Already, Drexel’s changes are making big strides for the University on campus and in the higher-education landscape. The University has gained in rankings that place value on retention and graduation, such as the annual U.S. News & World Report rankings, in which Drexel moved up two spots this year, and rankings that measure student outcomes, like the Wall Street Journal/Times Higher Education list, in which Drexel moved up nine spots.
“I suspect in the next couple of years, we’re going to be looking even better going forward,” he said.
This month, Drexel embarked on a $750 million fundraising campaign set to conclude in 2021, which is also around the time in which Drexel’s admissions strategy is set to have brought in an entirely new campus of right-fit students. Since Drexel’s last campaign ended in 2013, more than 31,000 donors have committed over $410 million, most notably naming gifts for the Dana and David Dornsife School of Public Health and the Thomas R. Kline School of Law; $12 million from the Wellcome Trust to fund a Dornsife School-led study on the impact of urban living on health; $5 million from Trustee Nina Henderson ’72 to establish the Nina Henderson Provost at Drexel University; and $5 million from the Lenfest Foundation to name the Lenfest Center for Cultural Partnerships.

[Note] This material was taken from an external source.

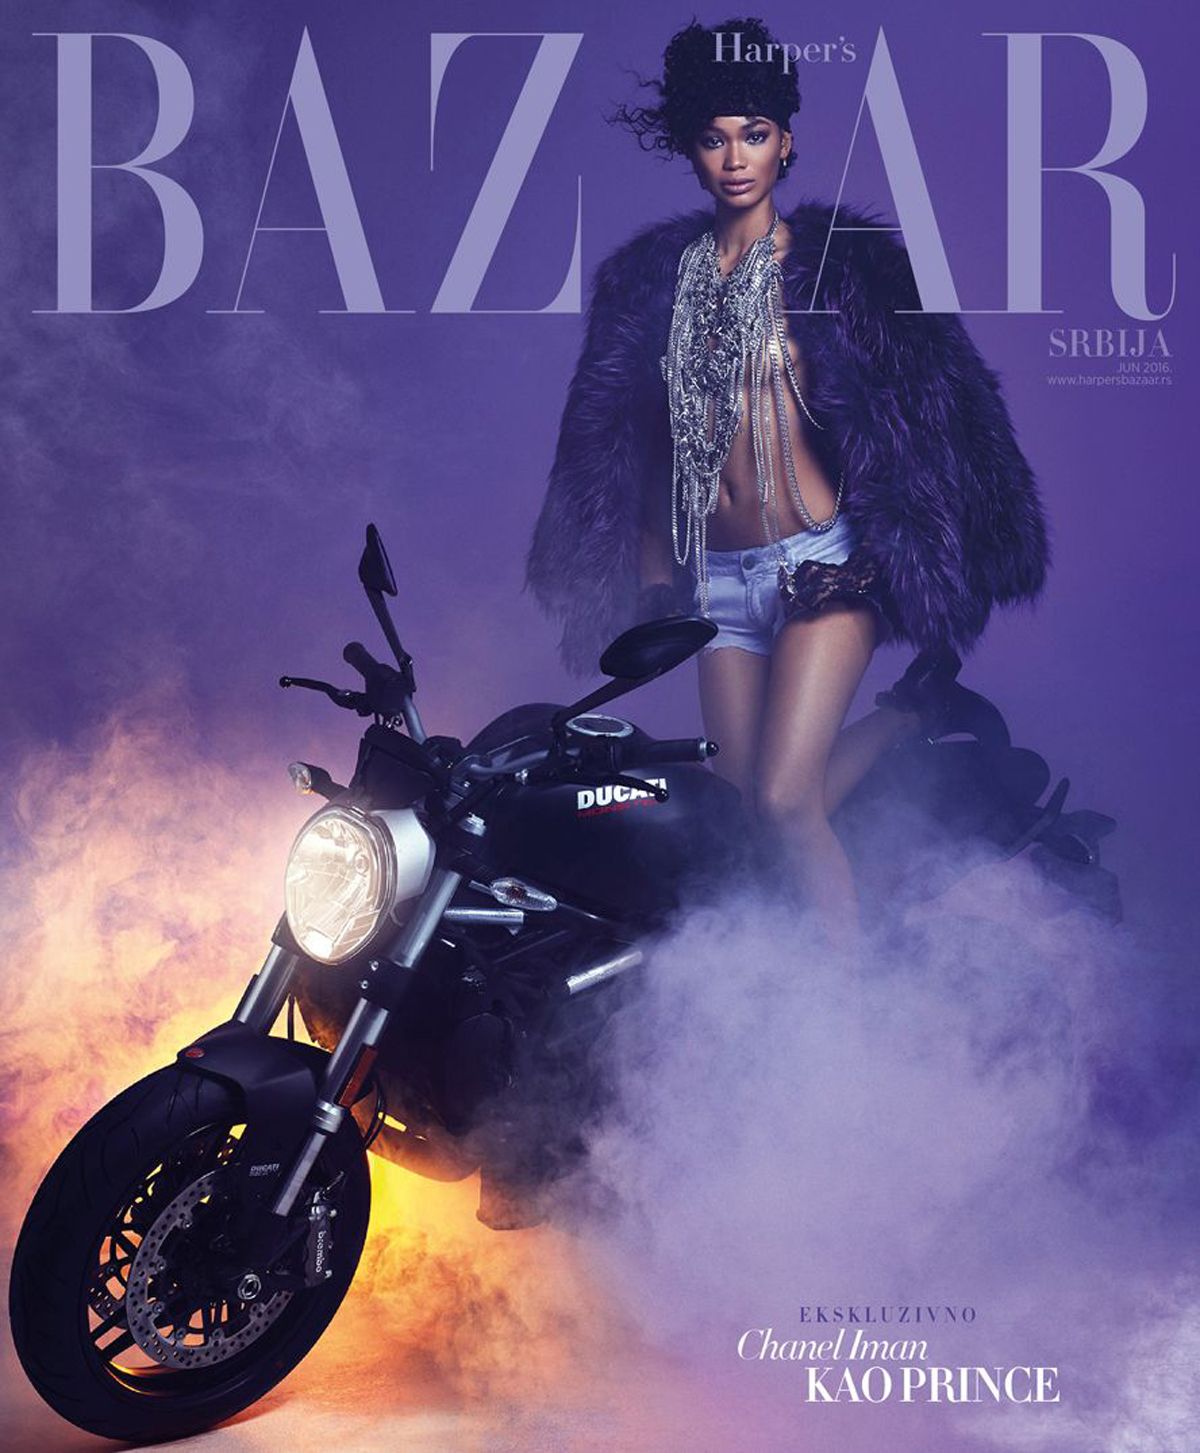 Chanel Iman Stars in Harpers Bazaar Kazakhstan September Cover Story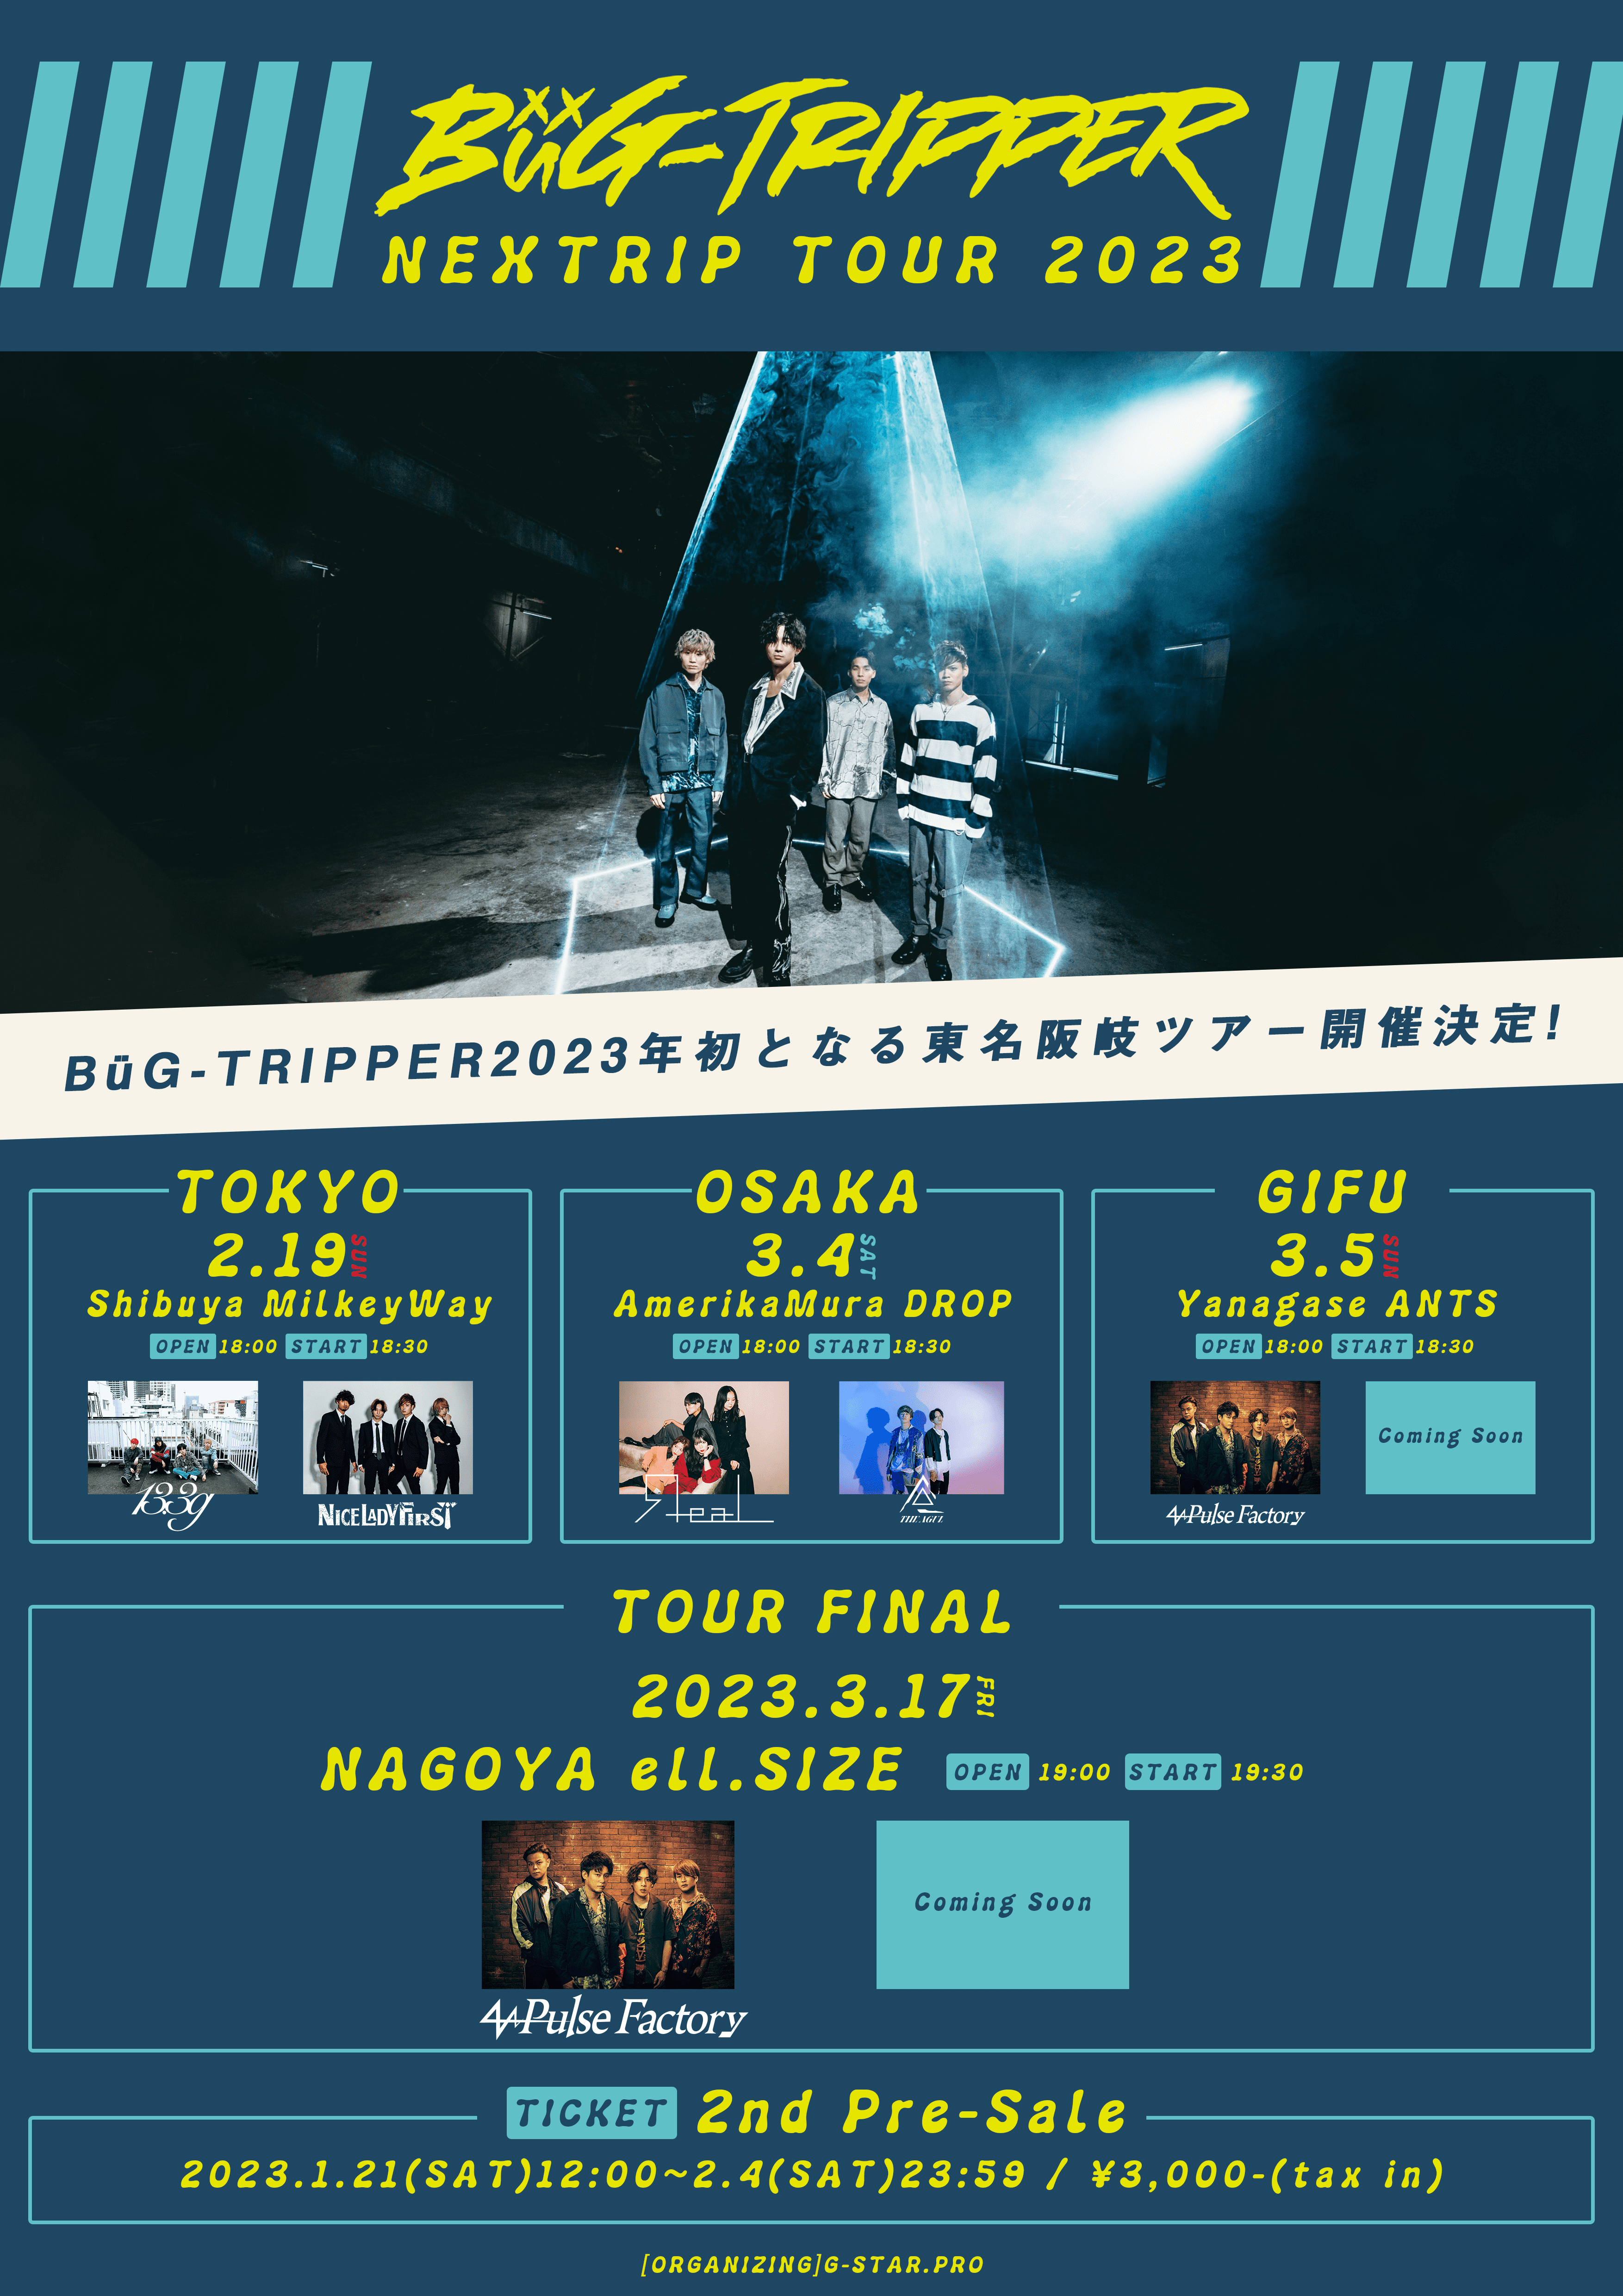 【2次先行】BüG-TRIPPER NEXTRIP TOUR 2023 [岐阜公演]

The Schuylkill Yards project also broke ground this month, with total gross proceeds in Phase 1 (or FY18) projected at $80 million, which will increase the endowment by $17 million (an endowment that recently placed in the top 11 percent of endowments and foundations across the country). Over the 15- to 20-year lifetime of the project, the total gross proceeds are expected to reach $239 million, which will add $118 million to the endowment.
“We want to take every asset that we have at this university and put it to work for student success,” said Fry.
In the meantime, Fry is looking at a 2018 “refresh” of the 2012 strategic plan, as was done in 2015. Already, he and various task forces are summarizing what has been achieved and highlighting unresolved issues that need to be addressed.
“I feel very proud about how this campus is evolving,” said Fry. “It’s becoming a wonderful and better version of itself.”
That version is part of Fry’s “One University” vision, which strives to better incorporate into the University acquisitions from the past 15 or so years. The College of Medicine, which was founded in 2002, is no longer a separate 501(c) organization; Drexel University Online is no longer a separate for-profit extension of the University; and the Academy of Natural Sciences has been better integrated into the University, particularly with its partnership with the College of Arts and Sciences, formed in 2011.
All of this — the changes in Drexel’s structure and admissions and operations — is part of Fry’s plan to steer the University on the best course for the future of higher education, as past presidents at Drexel have done before him.
“They gave us the gift of the University that we will give forward,” Fry said, adding that he too wants to leave Drexel in a “stronger, more resilient and more competitive place than when we found it.”